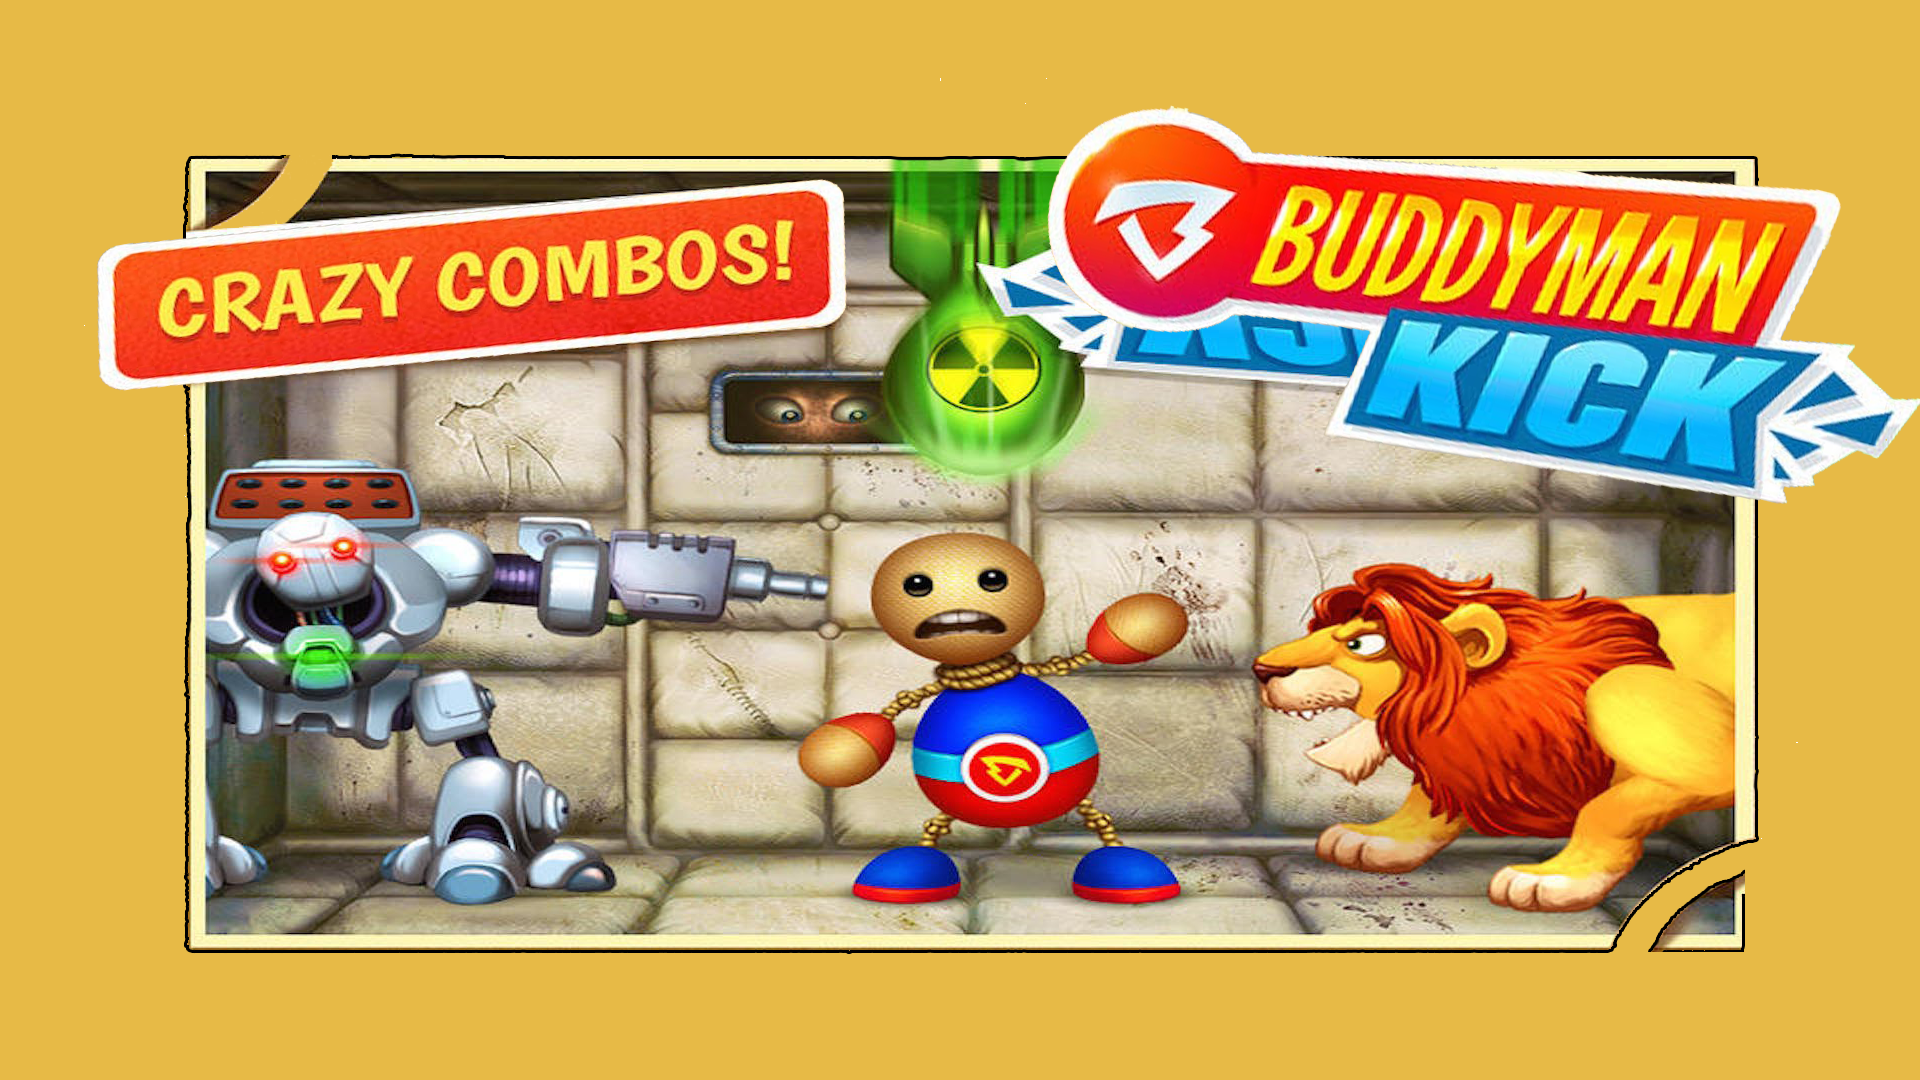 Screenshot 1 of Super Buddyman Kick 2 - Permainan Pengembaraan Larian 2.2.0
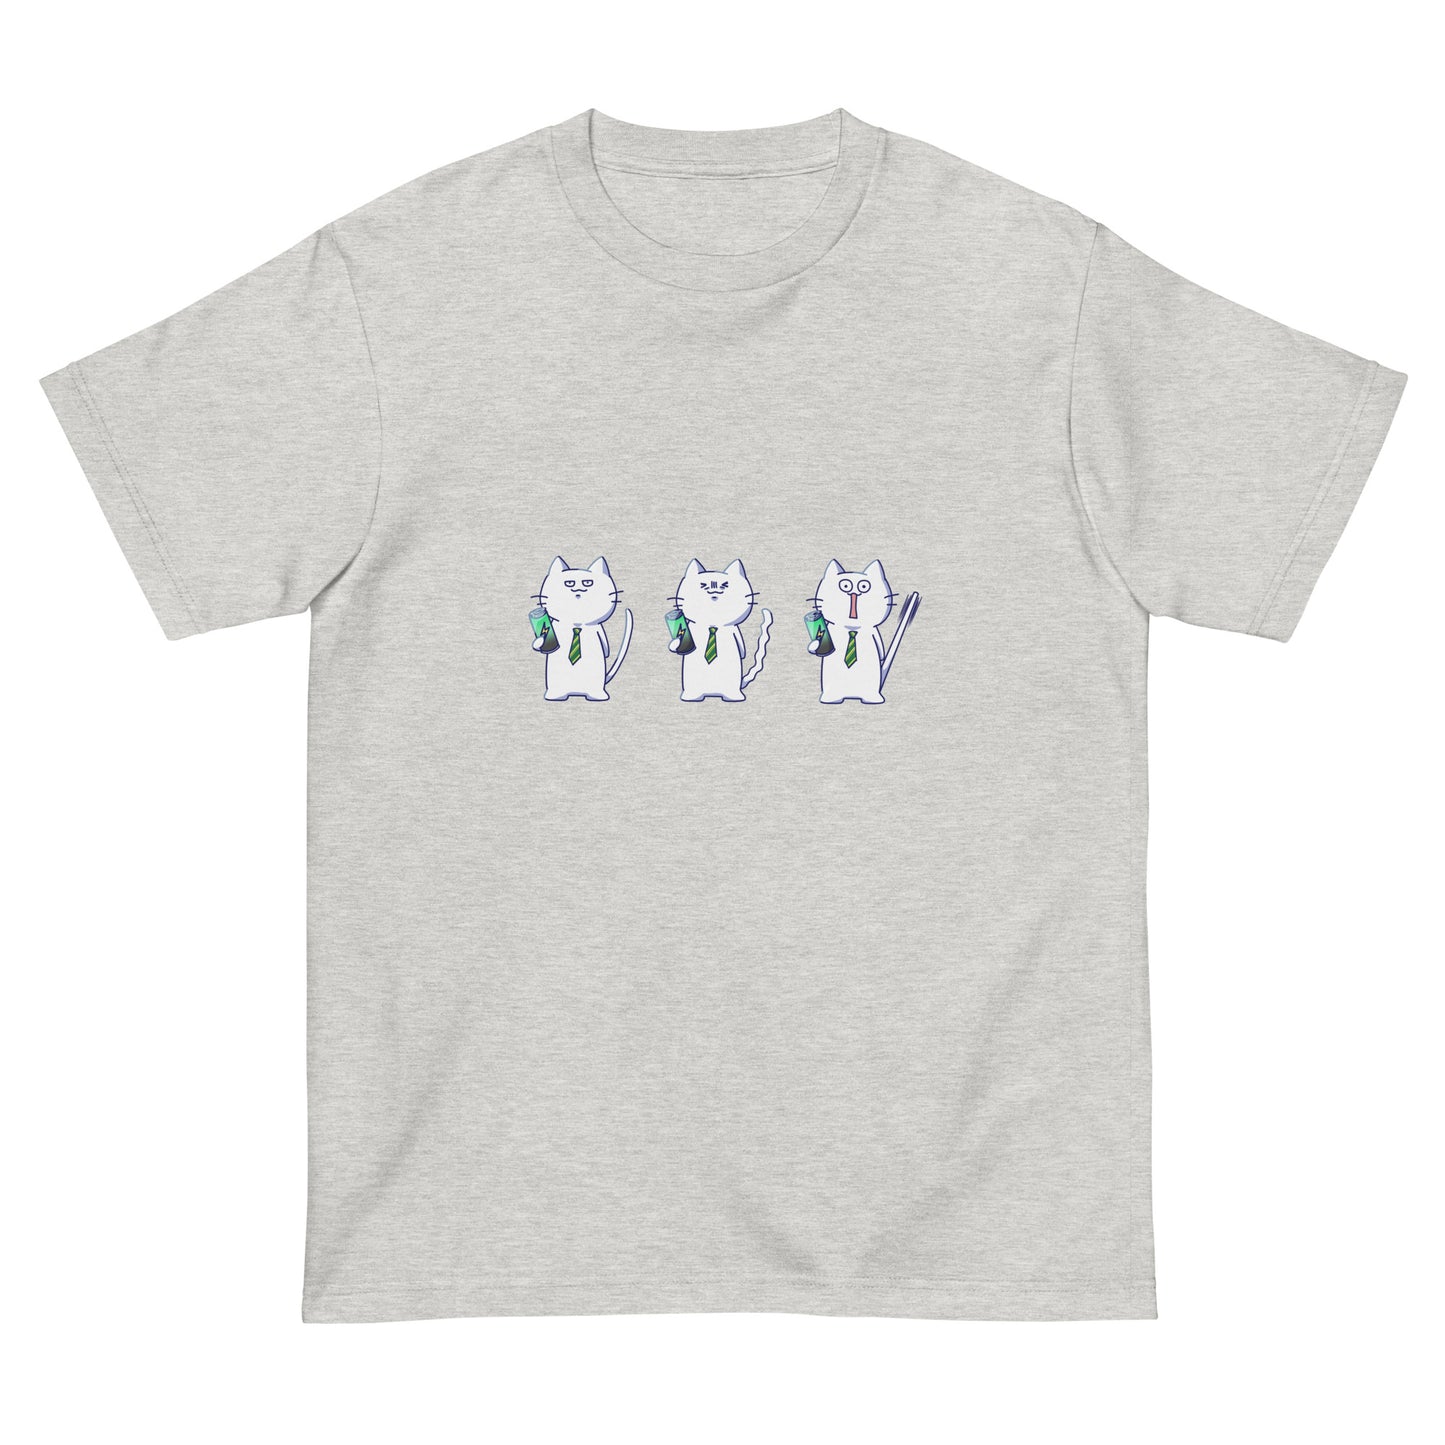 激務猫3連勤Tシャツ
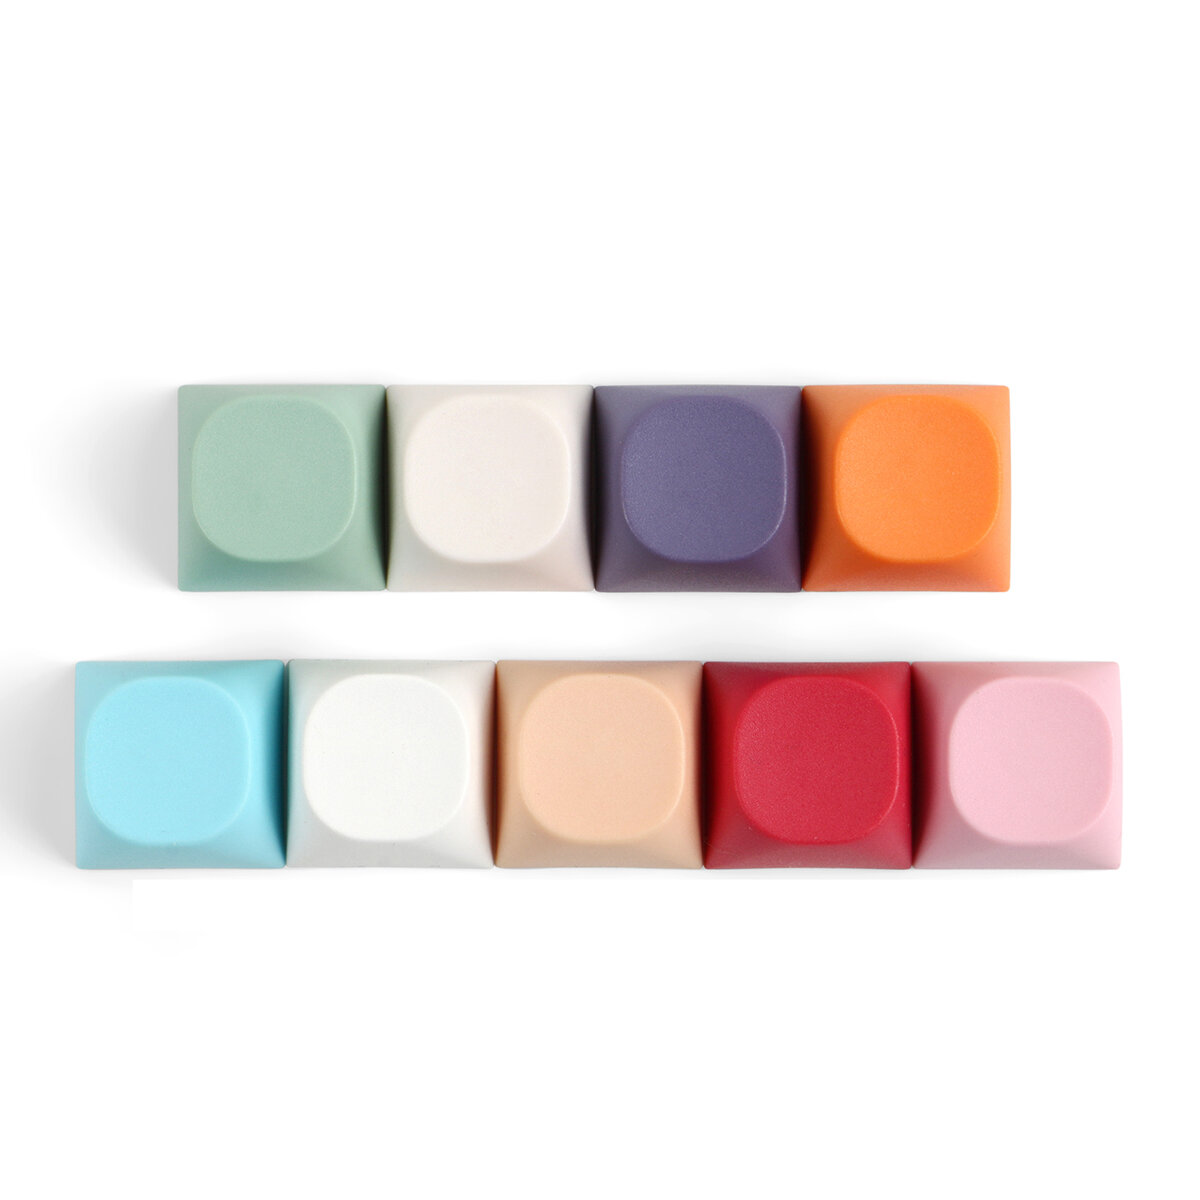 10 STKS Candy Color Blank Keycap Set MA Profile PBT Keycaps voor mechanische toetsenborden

# WHAT YOU HAVE TO DO
Drop every image, please, and write out the data above exactly as shown.

# SOLUTION TO THIS EXERCISE
 Screenshot 1 of Super Buddyman Kick 2 - Permainan Pengembaraan Larian 2.2.0
 激務猫3連勤Tシャツ
 10 STKS Candy Color Blank Keycap Set MA Profile PBT Keycaps voor mechanische toetsenborden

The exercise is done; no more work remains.